During the past 30 years, the assessment portfolio of the NBME has expanded. Besides the USMLE program, the NBME oversees 35 other examination programs, including 120 additional examinations. NBME also provides testing, educational, consultative, and research services to health professional credentialing and educational organizations and ministries globally. The NBME currently works with ∼30 organizations to support >75 assessment programs. The assessments administered vary in use from high-stakes examinations, such as the USMLE, to lower-stakes examinations, such as NBME self-assessments. This portfolio of examinations also includes post-licensure assessments, specialty board certification, specialty board recertification, certification of special competencies, residency selection, medical school subject tests, and in-training examinations.

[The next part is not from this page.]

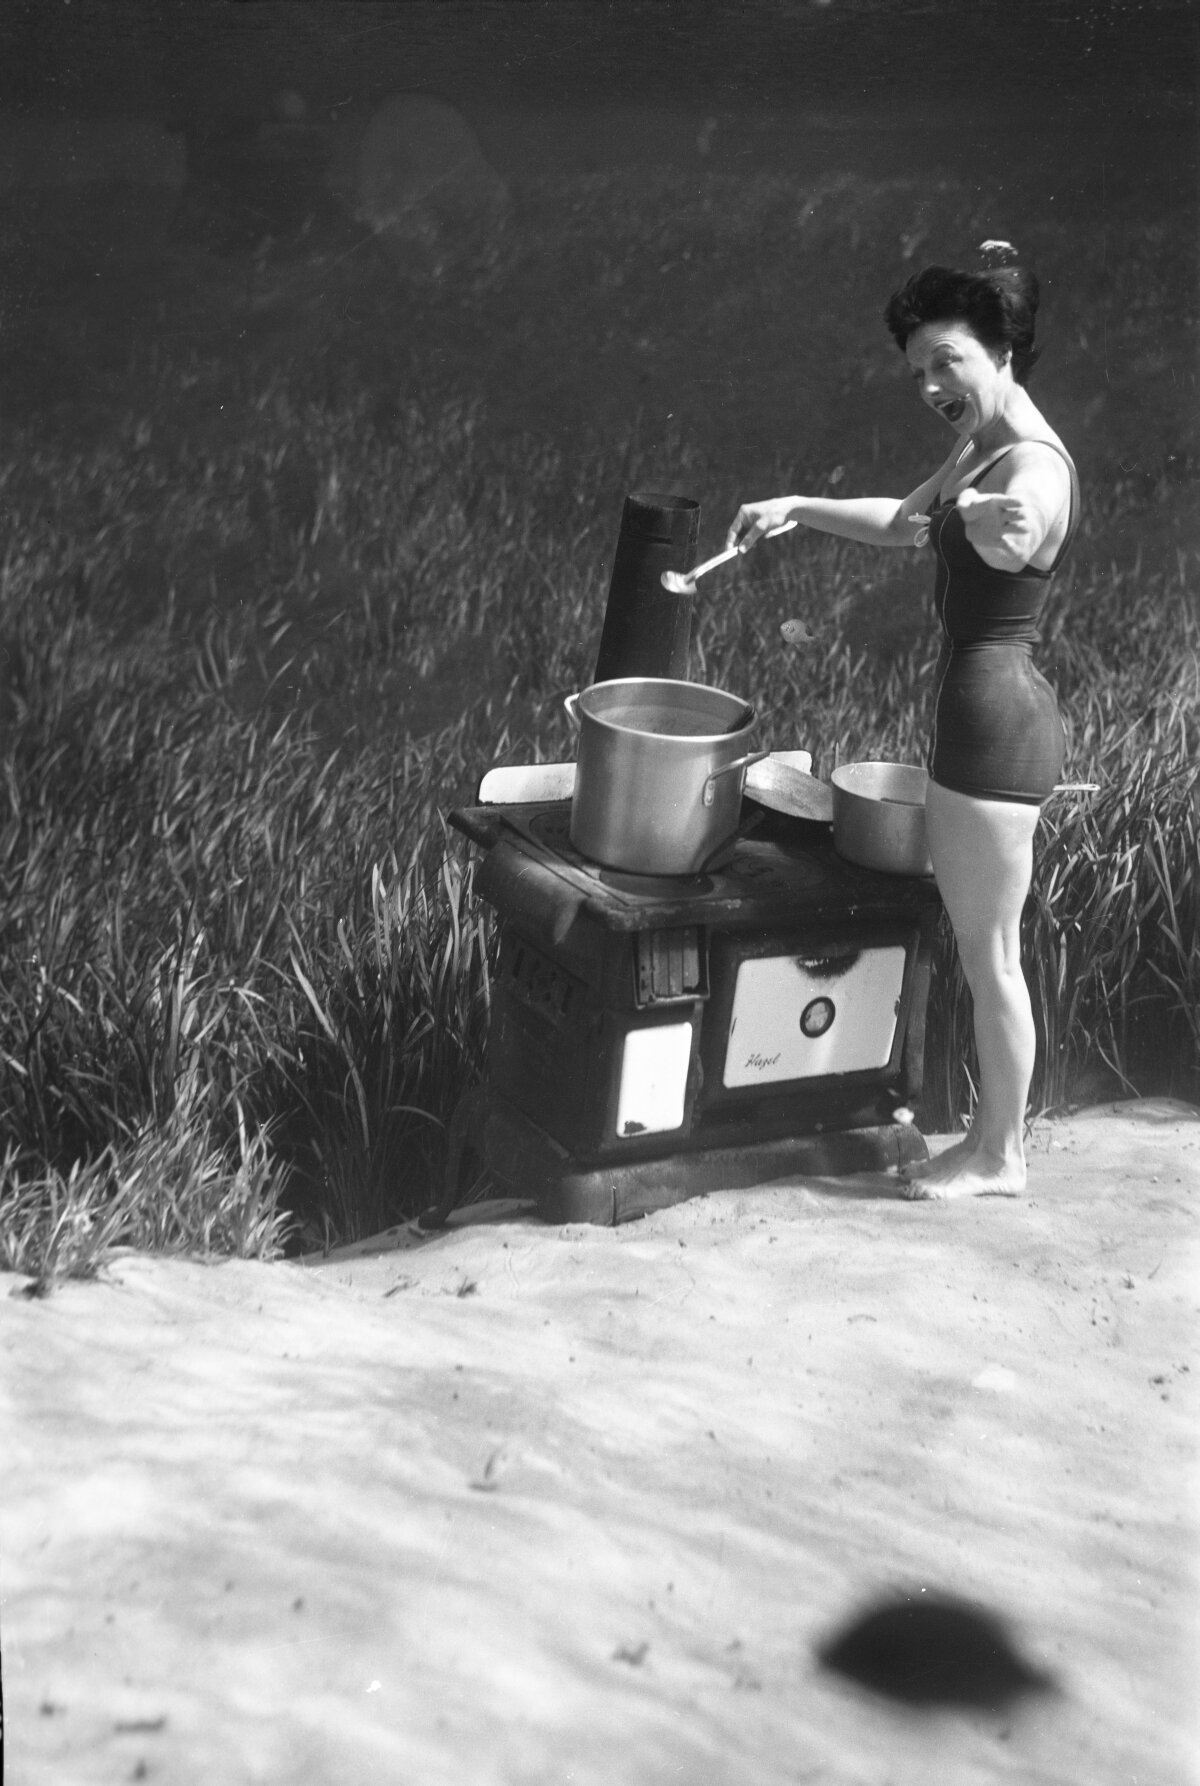 Model cooking on the stove underwater at Silver Springs.

In the early 1990s, the NBME flagship licensure program, the USMLE, replaced both the existing Federation Licensing Examination program and the NBME certification examinations (also known as the “Part” exams). The USMLE has undergone a gradual evolution in design and format since its inception. In 1999, major programmatic changes included computerized examination delivery and the use of computerized case simulations. The USMLE Step 2 Clinical Skills (CS) exam, using standardized patients (SPs), was introduced in 2004.

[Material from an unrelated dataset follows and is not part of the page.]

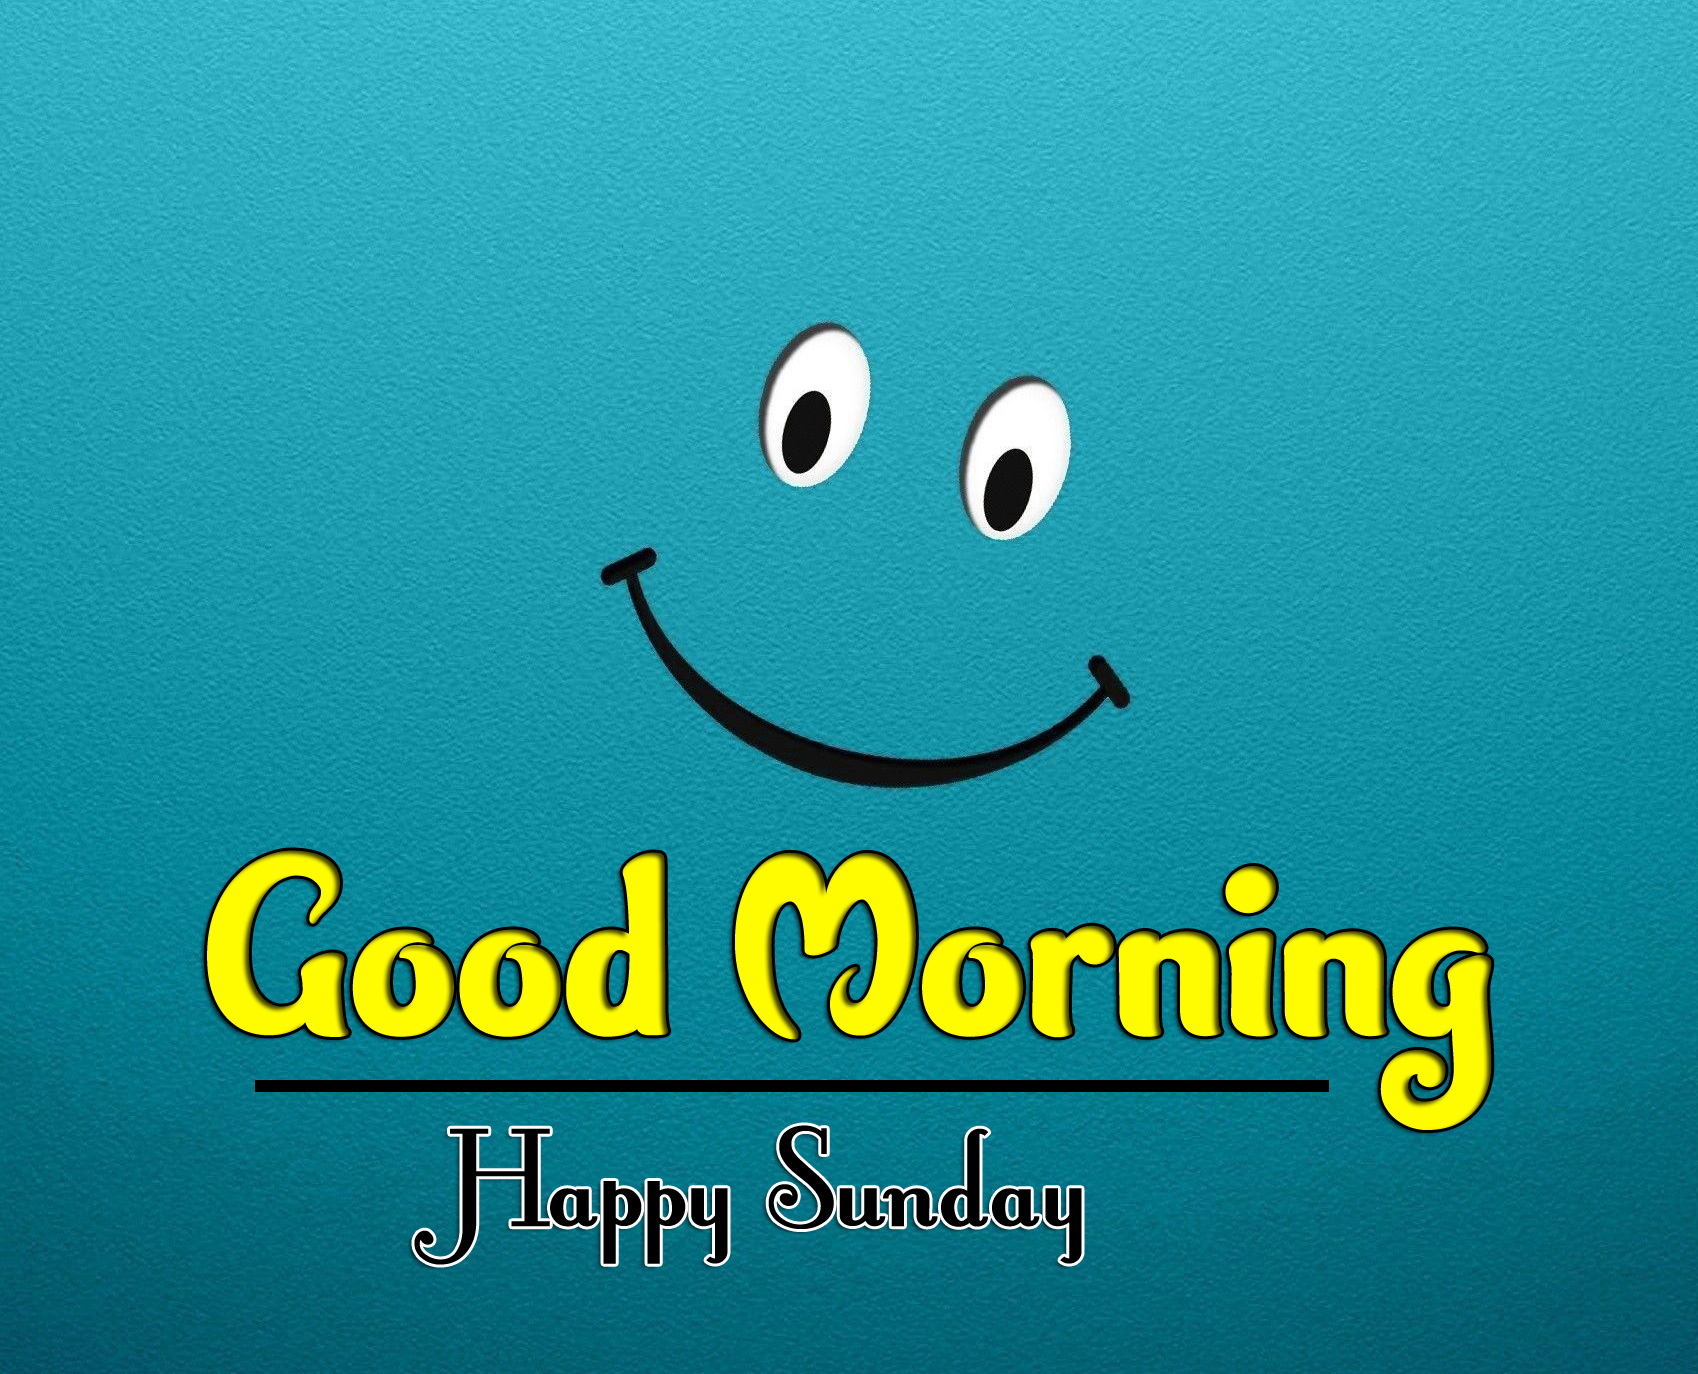 Sunday Good Morning Wishes Pics for Facebook

The Review of the USMLE and Other Drivers for Change
In 2004, the USMLE undertook an indepth review of the licensure program’s purpose, design, and format (28a). This review resulted in five recommendations endorsed by the governing USMLE Composite Committee in 2009: 1) focus on assessments that support state licensing authorities’ decisions about a physician’s readiness to provide patient care at entry into supervised practice and entry into unsupervised practice; 2) adopt a general competencies schema consistent with national standards for the overall design, development, and scoring of the USMLE; 3) emphasize the scientific foundations of medicine in all components of the USMLE; 4) continue and enhance the assessment of clinical skills important to medical practice; and 5) introduce assessment(s) of an examinee’s ability to obtain, interpret, and apply scientific and clinical information.
The question asked by medical students, medical educators, and the leadership of medical schools is “Why change the USMLE?” The practice of medicine and medical education are ever changing. Advances in how medicine is taught, as well as how we approach the assessment of medical students and graduate trainees, necessitated this review. Clinical cases are used with increasing frequency to facilitate problem-based learning throughout medical education (24); curricula have become more integrated, often using an organ-based approach with clinical correlations (2, 29); and the basic sciences are being taught throughout the medical school curriculum (26). Additionally, SPs are widely used to teach and assess trainees (1), clinical experiences are being introduced early in medical school (3, 9, 13, 21), and technological advances have enabled the use of high-fidelity simulations for both teaching and assessment (5, 18).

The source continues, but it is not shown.